A deeper understanding of the deep sea
The study of marine environments and communities provides us with specific knowledge to ensure sustainable resource and infrastructure development alongside an ability to monitor and mitigate environmental impacts.
The deep sea around Australia, and the world, is poorly understood. The challenge of developing a better understanding of the deep marine environment and its biological diversity is greater than in shallow environments due to its extreme conditions of cold temperature, high pressure and remoteness.
Developing technology and tools to undertake deep water research allows information and data to be gathered and used to advance knowledge about environments at depths hundreds of metres or kilometres below the sea surface.
A next-gen, deep-water, fish feeding, 3-D camera
We have designed and developed a deep-water camera system for capturing 3-D footage of fish communities in deep marine environments.
Once deployed in the deep ocean, the ‘deep-water baited remote underwater video system’ (DeepBRUVS) releases a liquefied bait at selected intervals that attracts marine life in the area. As the creatures arrive to feed, the system’s 3-D video cameras and lights are turned on to record the species and the sizes of the individuals.
DeepBRUVS is unique in that it can be deployed up to 1km under the sea, and for extended periods of up to six months. Recording up to a total of 24 hours of high definition footage, and storing up to 10 litres of liquefied bait, the DeepBRUVS is lightweight and can be deployed using small to medium vessels in near coastal waters.
- Max depth – 1000m
- Mass – 250 kg (in air) or 15kg (in water)
- Reserve buoyancy 60kg
- Max run time – 24 hours
- Max time on sea floor – 6 months
- 2 x Panasonic HD video cameras
- Autonomous control and scheduling system
- 10 litre bait release system with 1.5m boom
Enhanced capabilities for marine life observations
The unique DeepBRUVS system has been shown to be promising in the study of deep-water marine ecosystems. There is no need to catch or harm the creatures being studied. Information is presently being used to determine the status of deep-water fish communities in marine reserves, and the recovery of depleted fish communities.

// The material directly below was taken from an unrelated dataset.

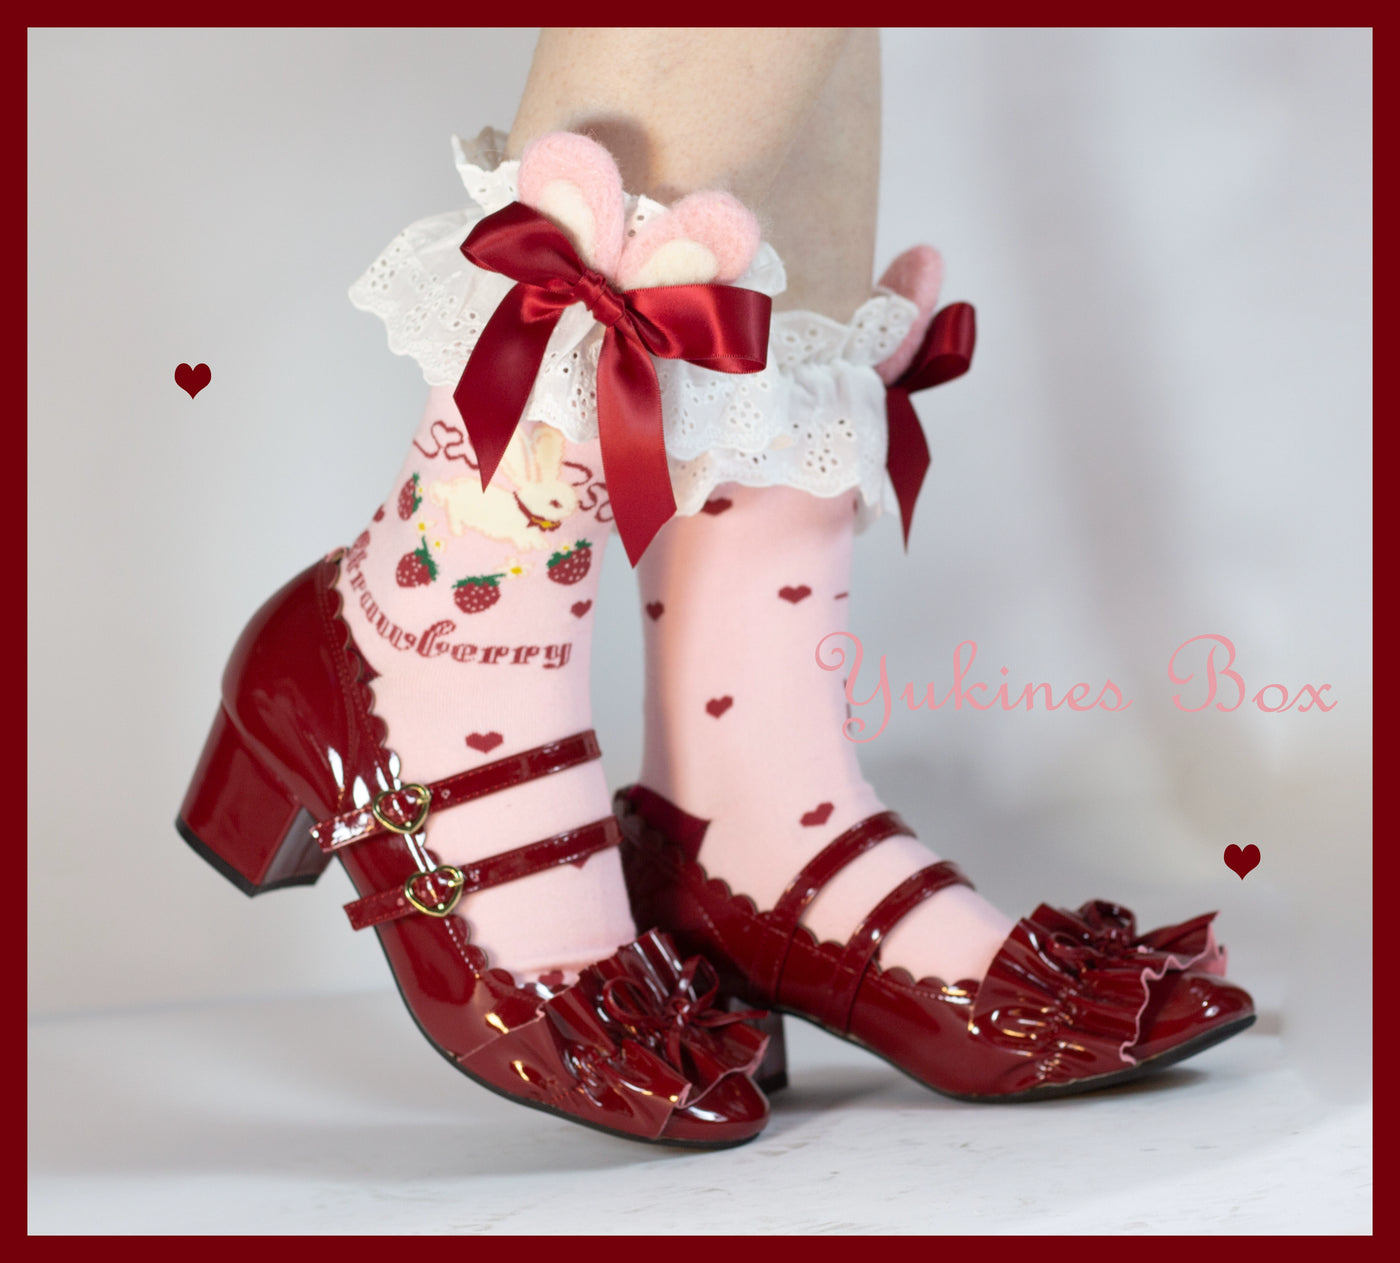 Yukines Box~Kawaii Lolita Rabbit Ear Cuffs and Ankle Lace   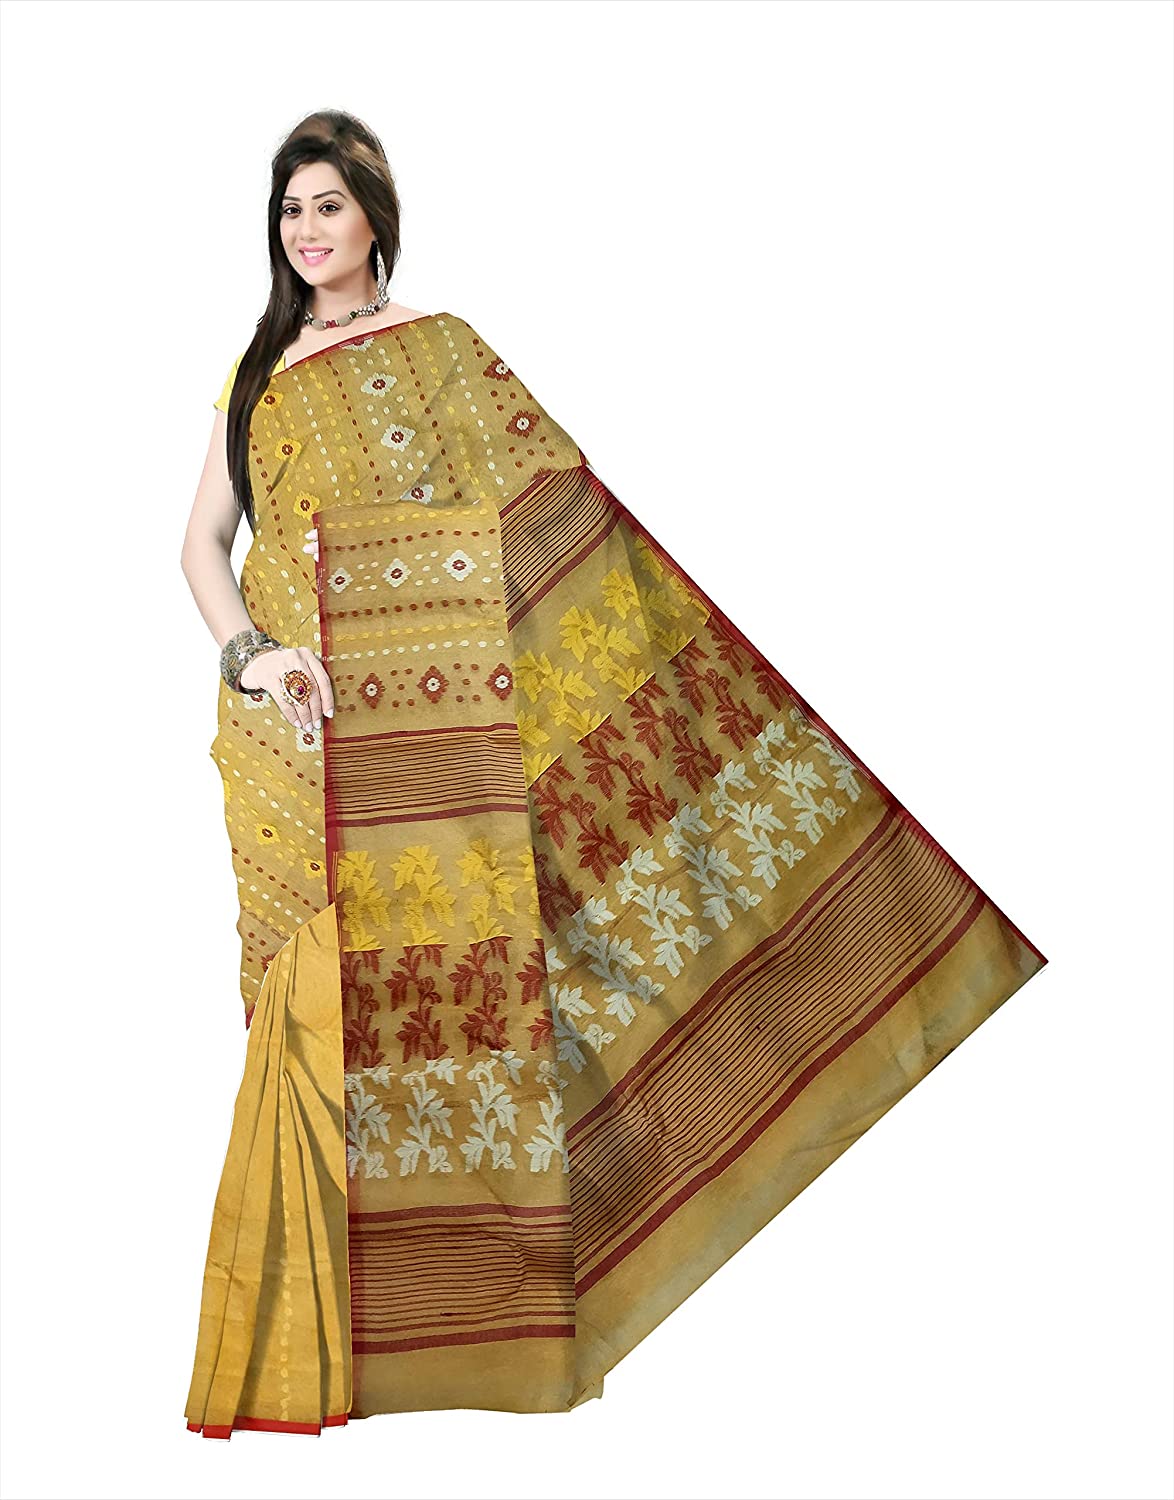 Pradip Fabrics Ethnic Women's Cotton Tant Cotton Yellow Color Saree

The system was deployed successfully in the study of deep water Gulper Sharks and commercial species such as Pink Ling in the Flinders Commonwealth Marine Reserve.
The flexibility of the system in both software and hardware allows for expanded capabilities over time. In the future the system will be equipped with an acoustic Doppler current profiler (ACDP), temperature probe and salinity meter to provide a link between marine life observations, and the surrounding sea conditions.